Hier ist es eher das typische Bild, das wir von manch einer aus deutscher Sicht überhasteten ausländischen Produktion bestätigt bekommen. „Aladin“ ist zuweilen lustig, eigentlich immer feder-leicht, und selten ernst zu nehmen. In der Umschreibung sollten Worte wie Klamauk, klischeebehafteter Leichtsinn, Charme und Witz nicht fehlen. In der Ausprägung hätte ich mir jedoch mehr Witz gewünscht, über den ich auch wirklich lachen kann.

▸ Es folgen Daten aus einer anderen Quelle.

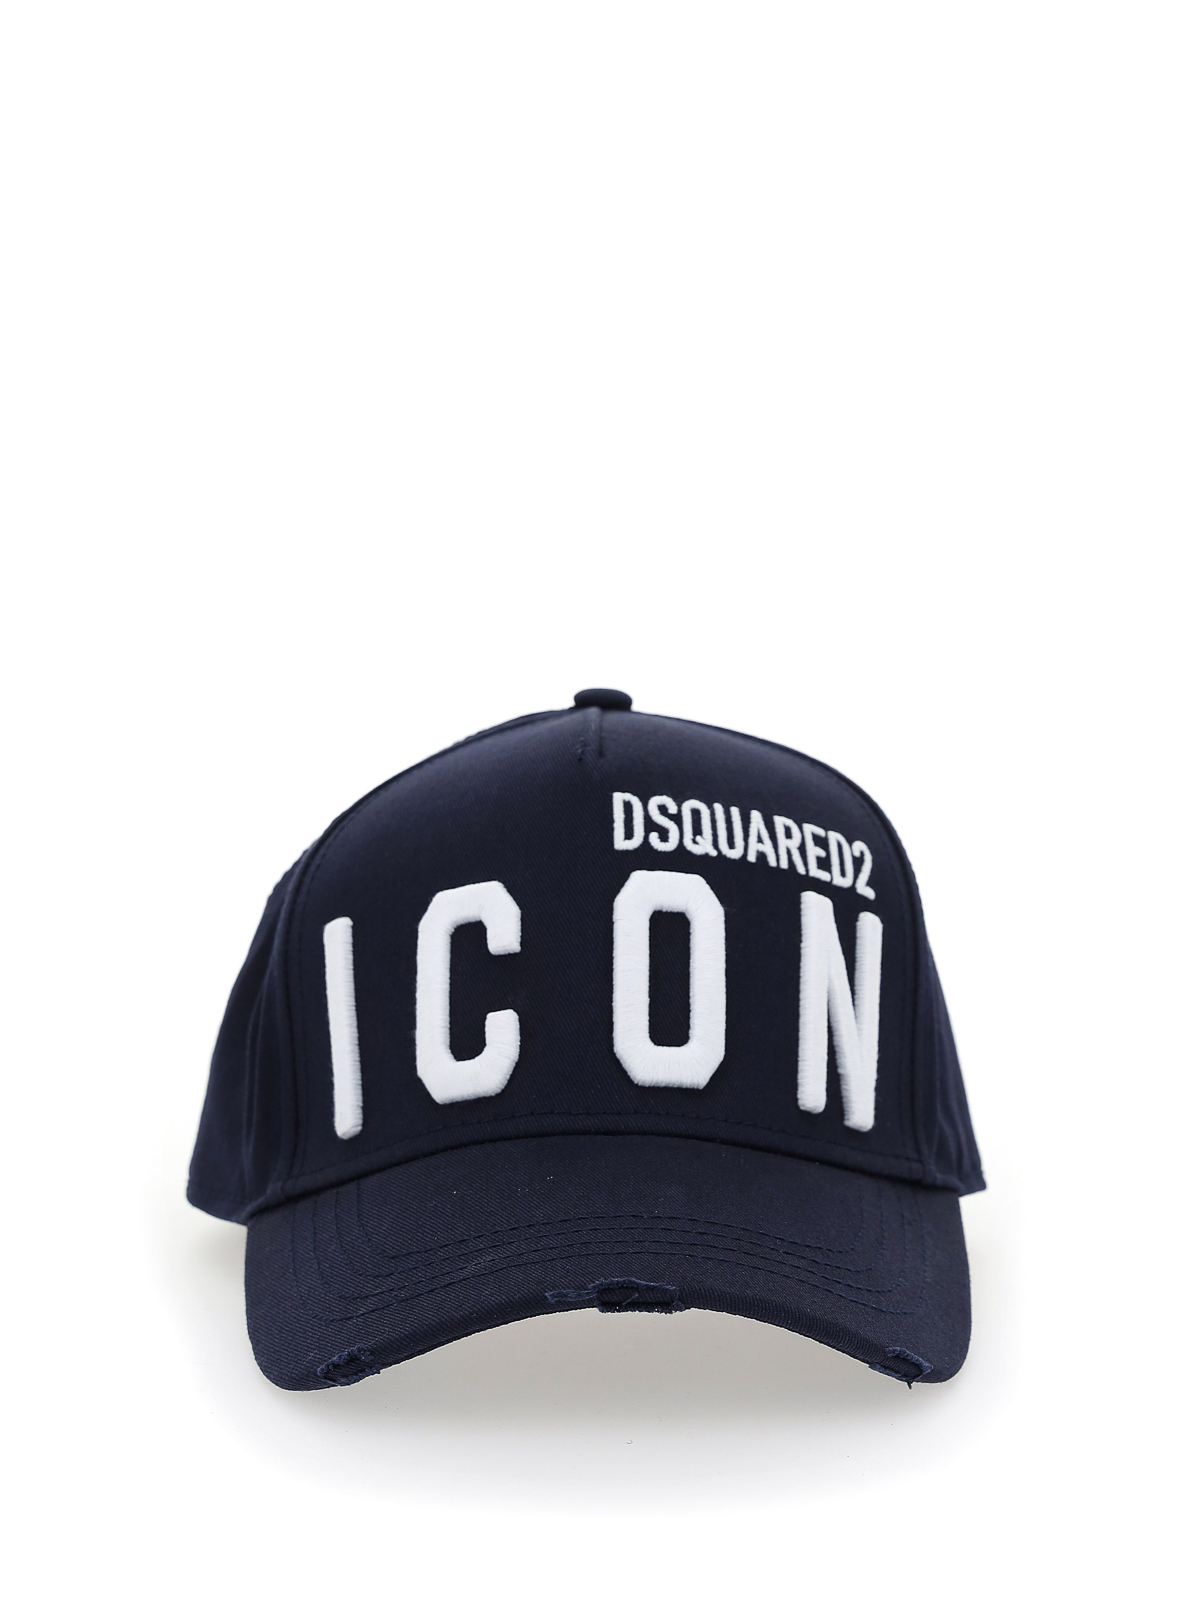 Hats and caps Dsquared2 - Icon baseball hat
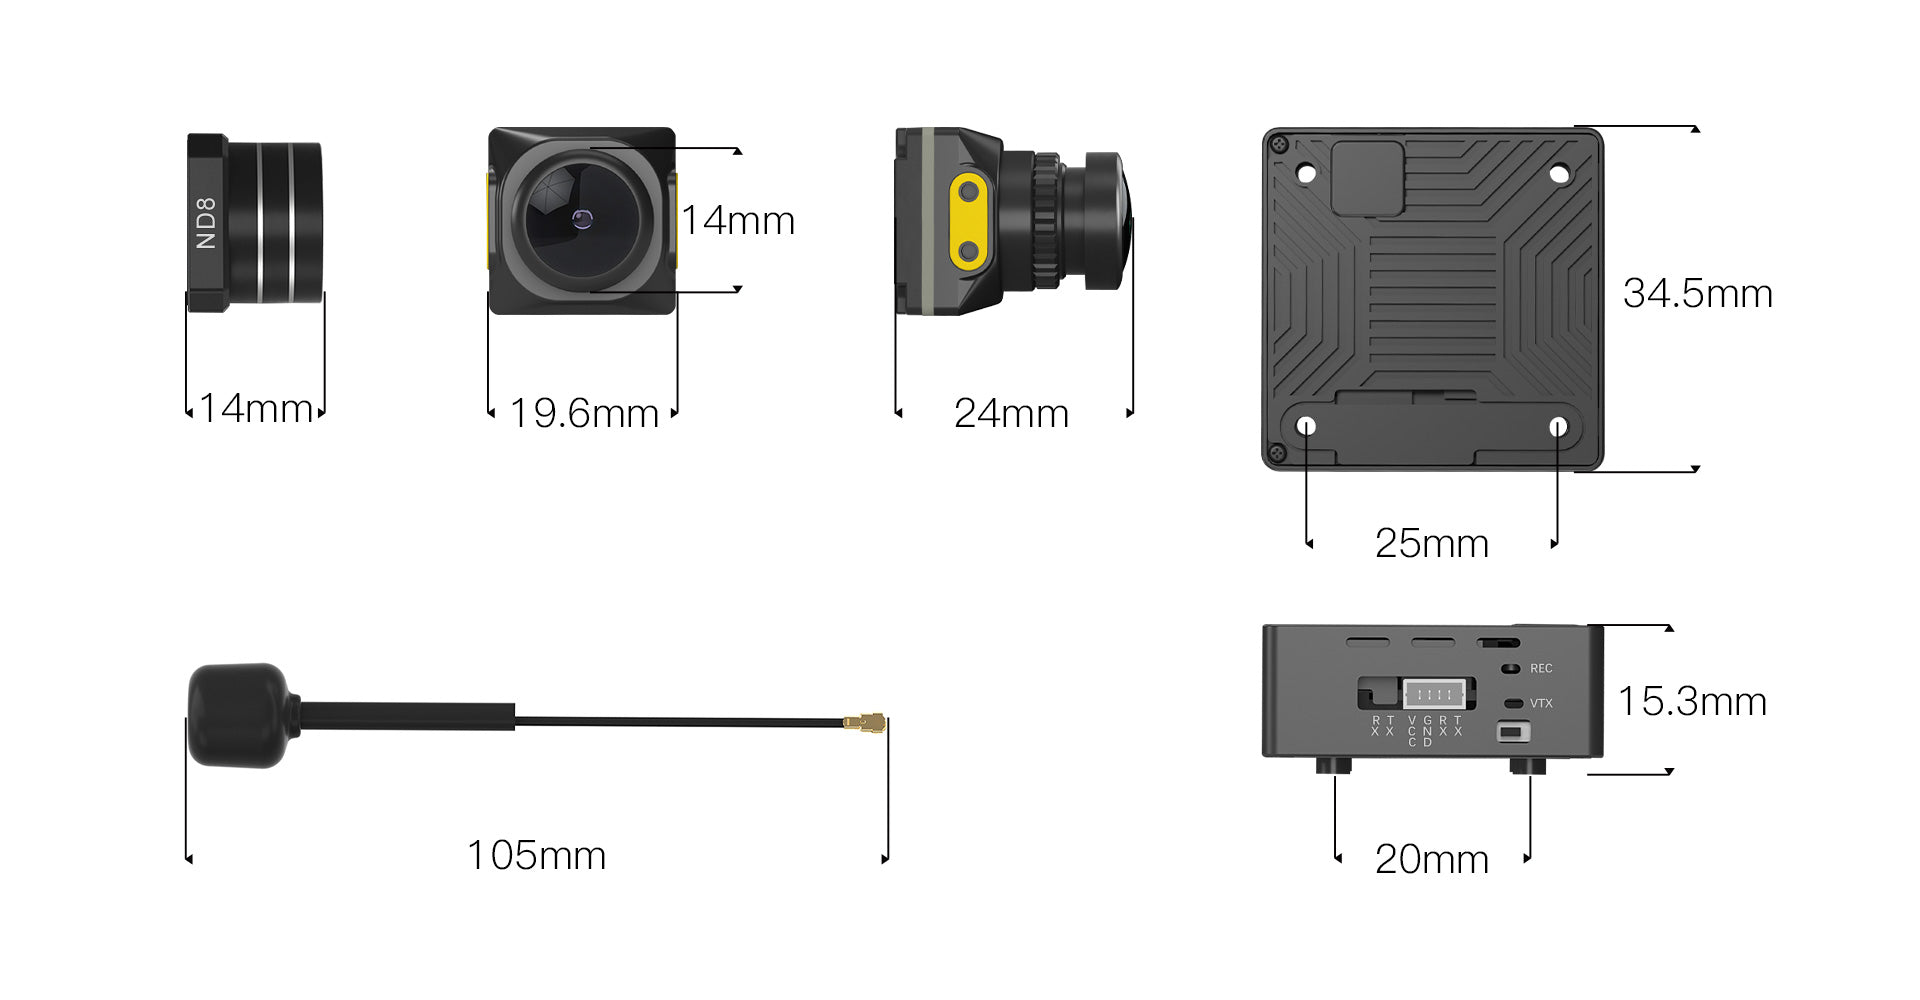 Walksnail Moonlight kit, shooting stable and HD videos without unnecessary latency, bring pilots a smoother FP

Alles in allem solide produziert in Anbetracht der Ausrichtung.

[Technik]
Hier erleben wir handfeste, solide Standard Definition-Kost im anamorphen Breitbild-Gewand 2.39:1. Das 16:9-Geschehen hinterlässt von Beginn an einen ausreichend farbenfrohen, freundlichen und irgendwie auch charmanten Wiedergabe-Style. Die Farben kommen gut zur Geltung, wirken jedoch nie überzeichnet. Bewegungen sind weitgehend sanft und frei von Fehlerbildungen. Die Kompression befindet sich ebenfalls auf einem angenehmen Niveau. Durch die hohe Bildruhe kommt es zu keinen Ablenkungen vom Inhalt.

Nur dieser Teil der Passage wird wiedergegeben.